This may be obvious to you already, but the source of the additional fuel consumption comes from a few sources (in my interpretation anyway) and calling it "on-road" and "off-road" actually confuses the issue. For the game's purposes "on-road" is only possible in a hex that has a marked road. You can, of course, choose to drive "off-road" in such a hex. In this case you are staying off the fastest and most efficient routes -- and that's where the extra fuel burn comes in. Does this mean there aren't roads everywhere else? No, of course not. I think you would have a pretty hard time finding any 10km area of Poland that doesn't have roads. But these are going to be secondary roads, or worse. Dirt/mud in many cases, rather than pavement. Some of them probably heavily rutted, completely washed out, blocked by abandoned vehicles or roadblocks (manned or abandoned, trees dropped across them, etc). Moving on them is going to be inefficient at best and a real obstacle at worse.

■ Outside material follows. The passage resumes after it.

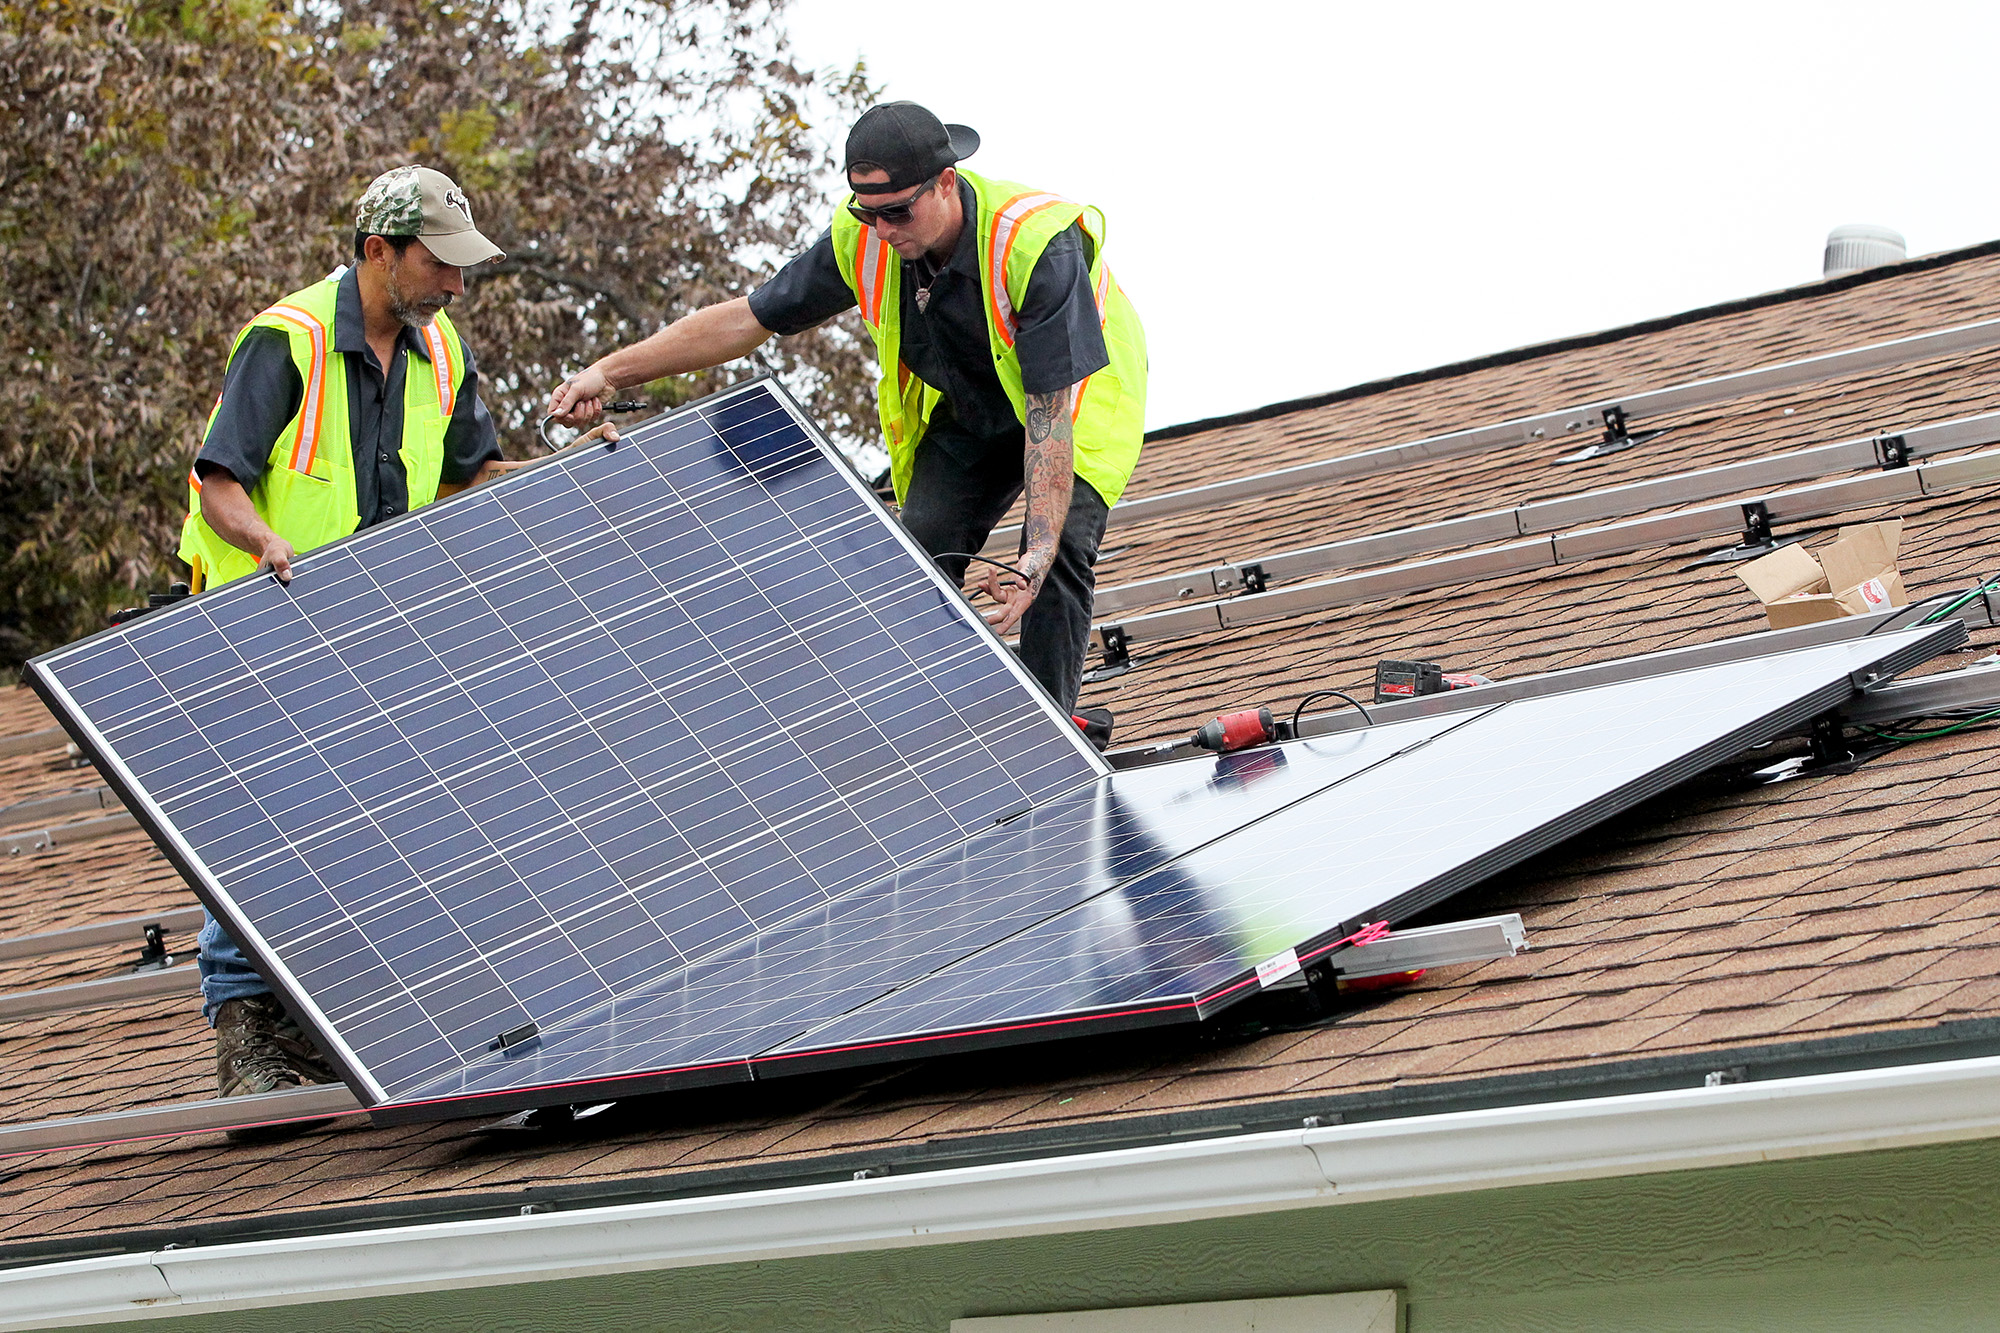 cps-energy-adopting-new-solar-rebate-policies

The game by default seems to assume that main highways are not this way. In some places (where they were recently cleared for an advance by a division, say) that might be true. In other places I'd think those highways could actually be much worse than secondary roads -- prime ambush points, mined, struck by any number of munitions, you name it.
And then there's true off-roading (for instance, through the woods or just across the fields and so on). I actually think this would be largely impossible for many vehicles in Poland's forests, but if feasible at all it's obvious why it takes so much more time and fuel. Bogging is a likely risk, moving slowly due to security and the possibility of UXO/mines is a real issue, etc.